Work instructions>
From top to bottom, print the listing word for word and skip any pictures it contains.

Recorded information>
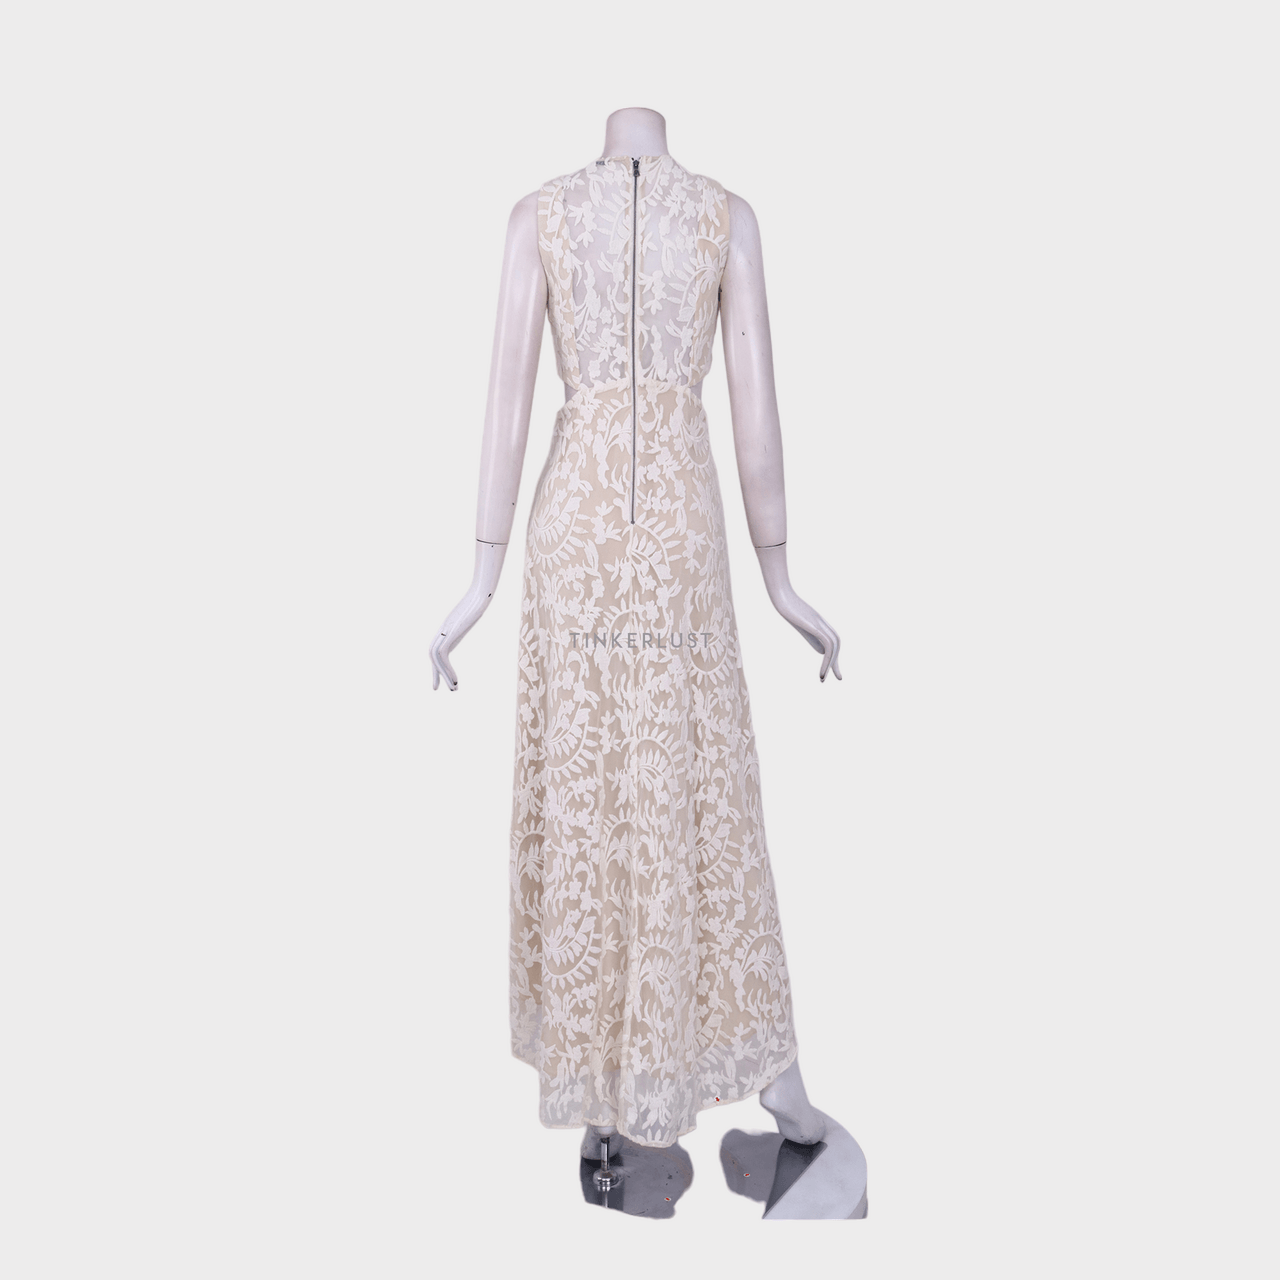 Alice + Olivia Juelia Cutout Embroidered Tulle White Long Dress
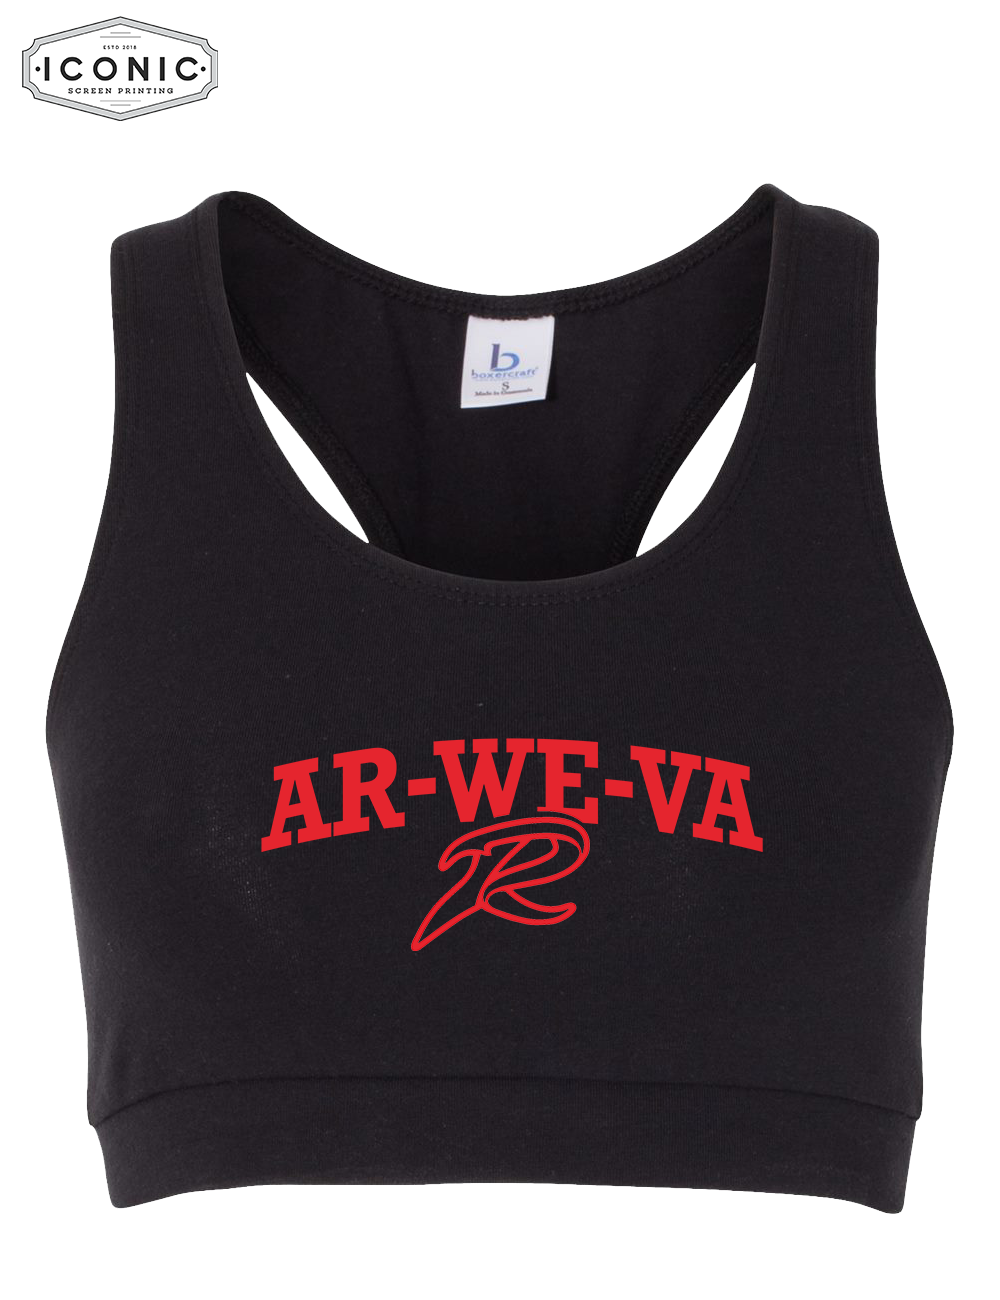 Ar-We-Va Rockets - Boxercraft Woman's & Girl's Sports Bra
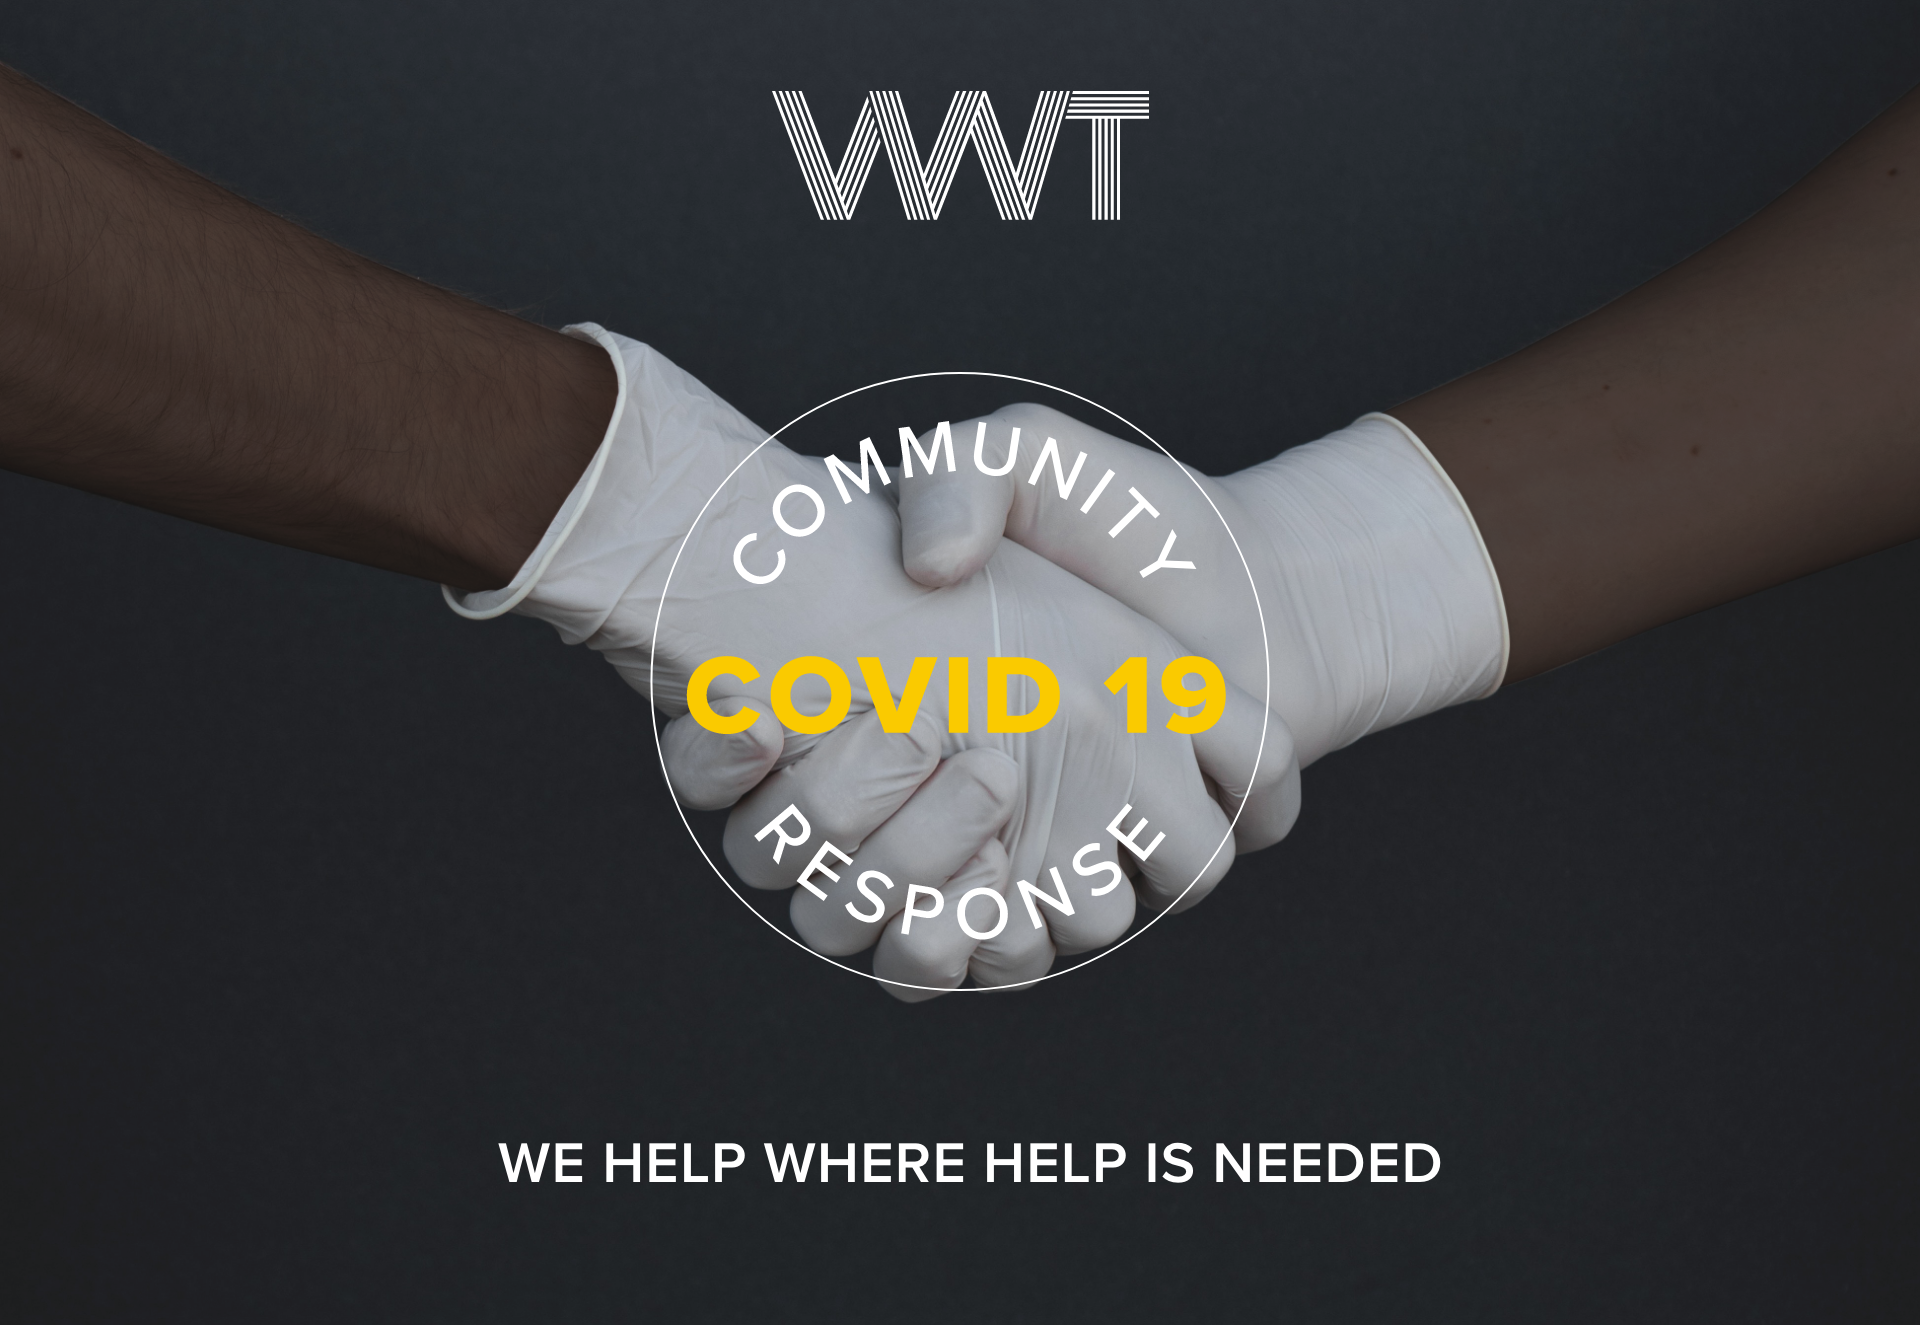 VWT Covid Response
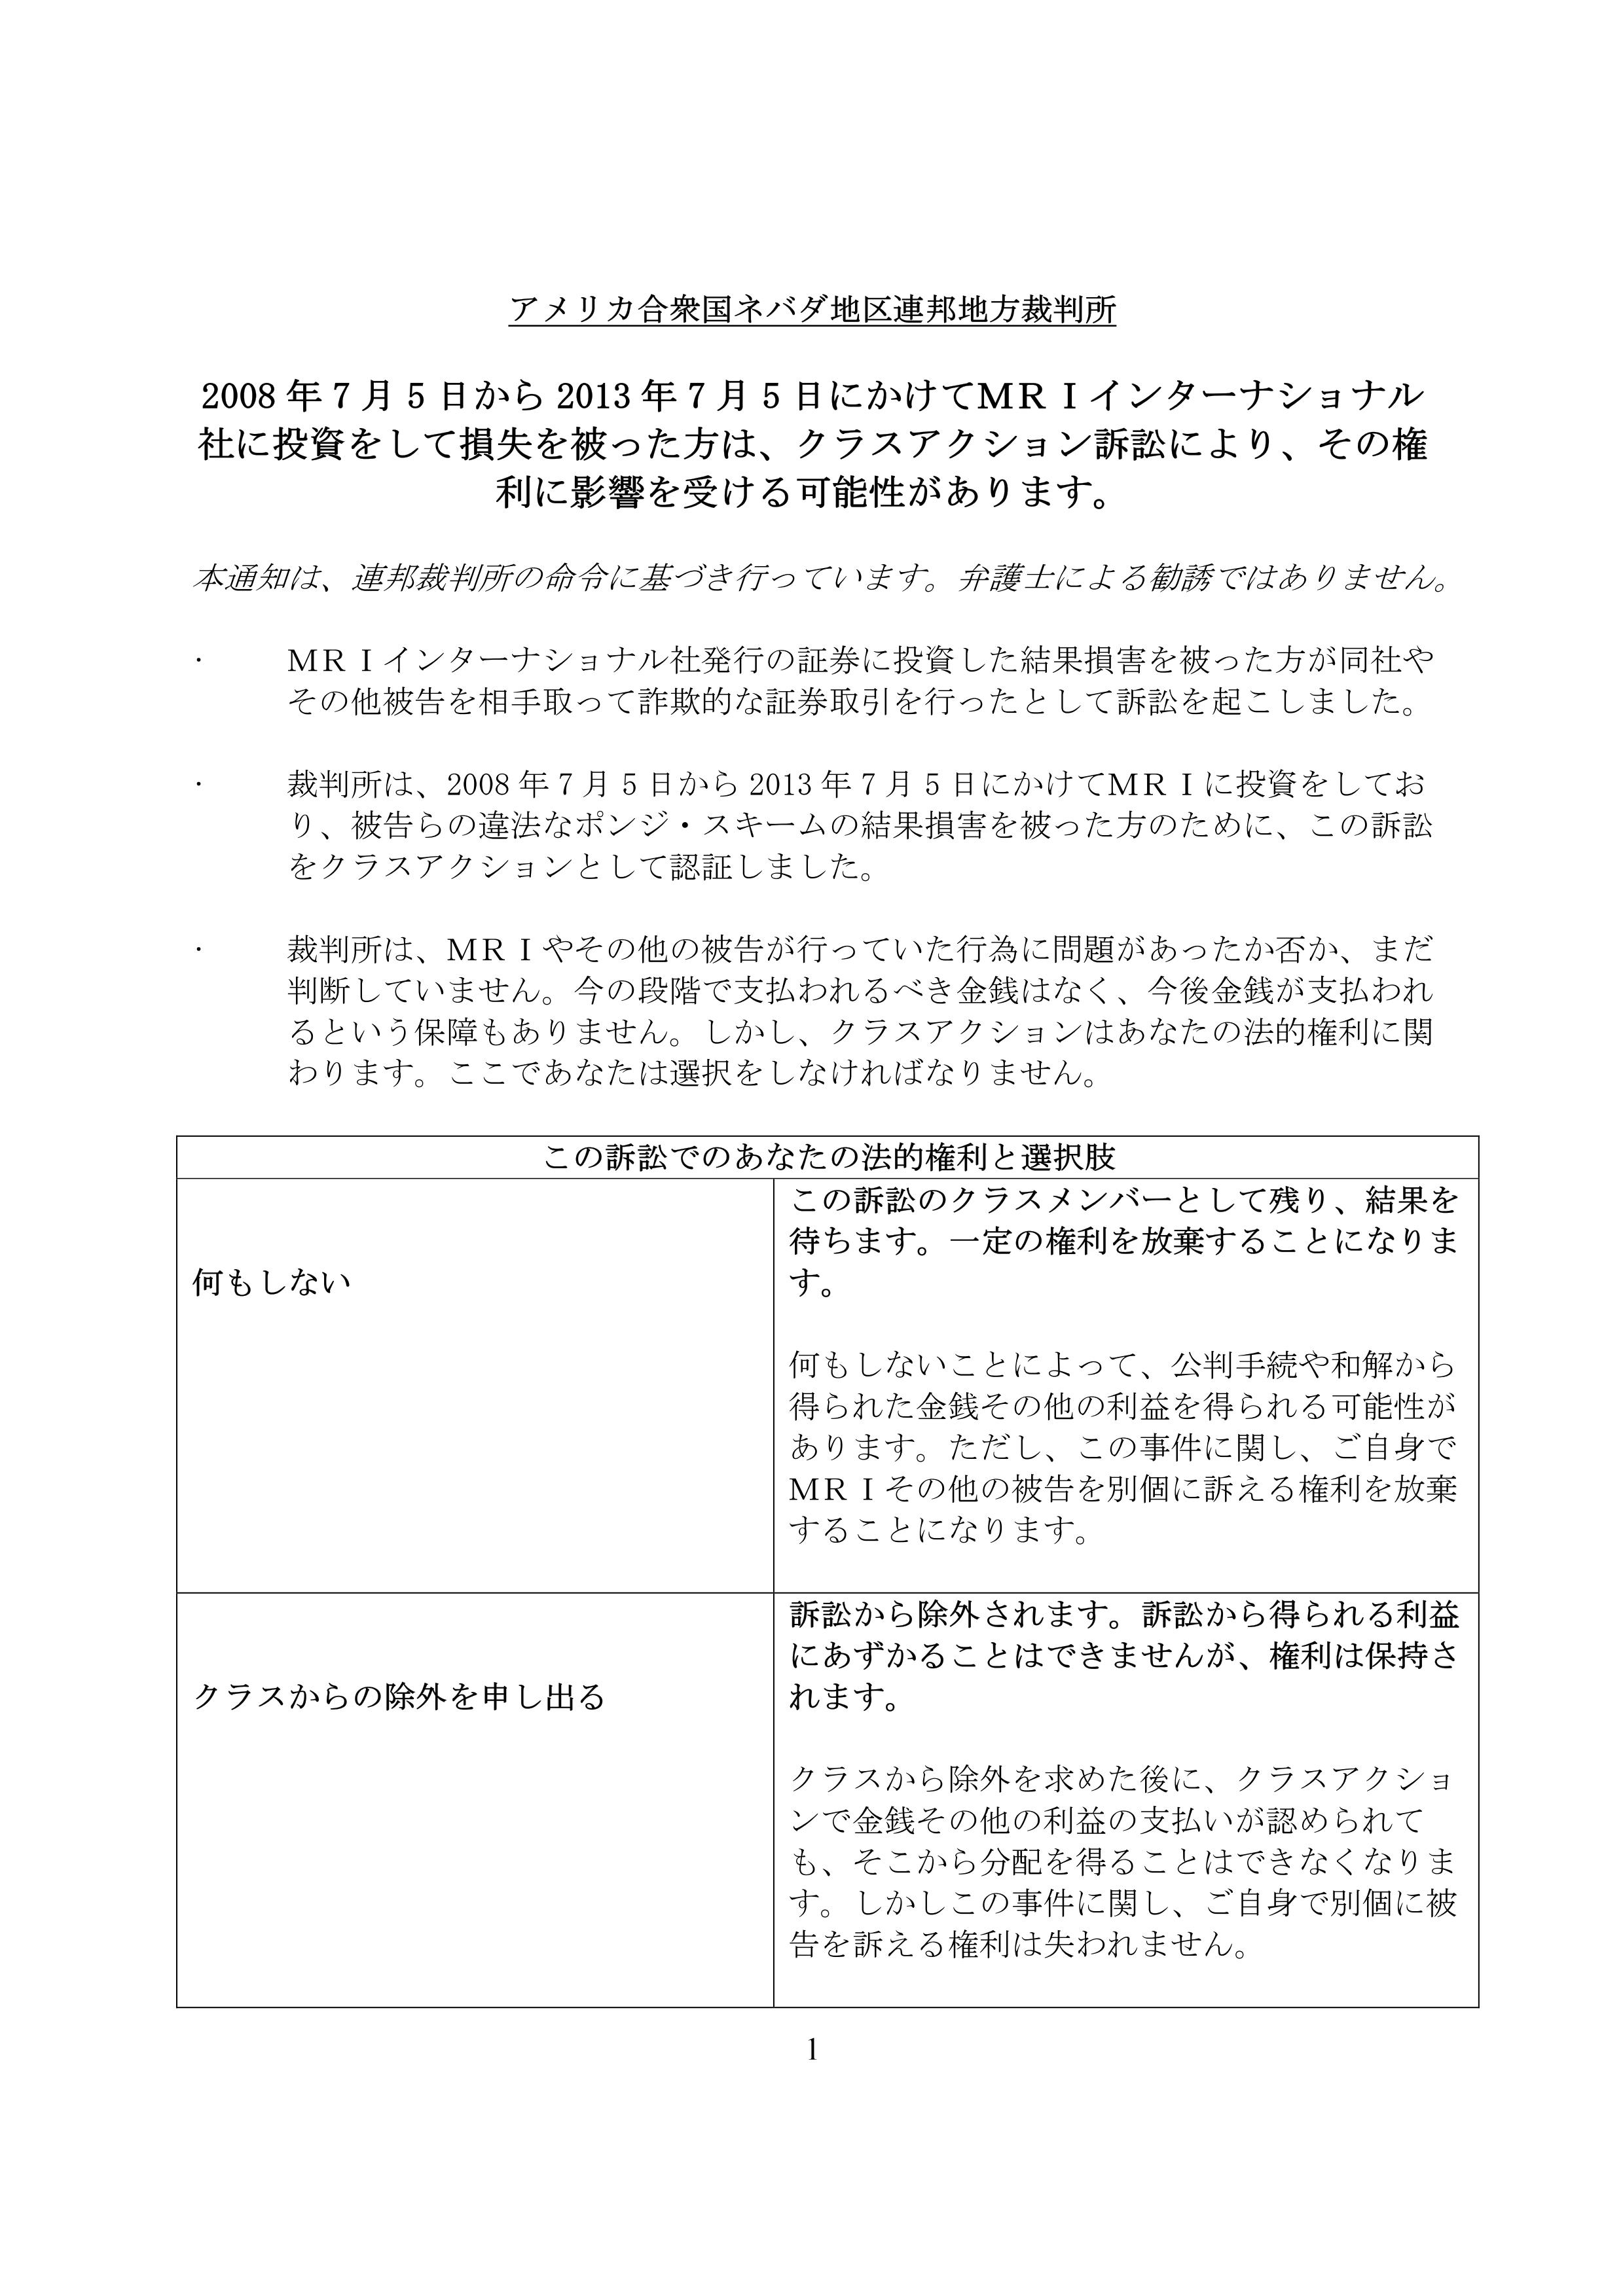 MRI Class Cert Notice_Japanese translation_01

Solution to the exercise>
 Alice + Olivia Juelia Cutout Embroidered Tulle White Long Dress
 Ar-We-Va Rockets - Boxercraft Woman's & Girl's Sports Bra
 VWT Covid Response
 MRI Class Cert Notice_Japanese translation_01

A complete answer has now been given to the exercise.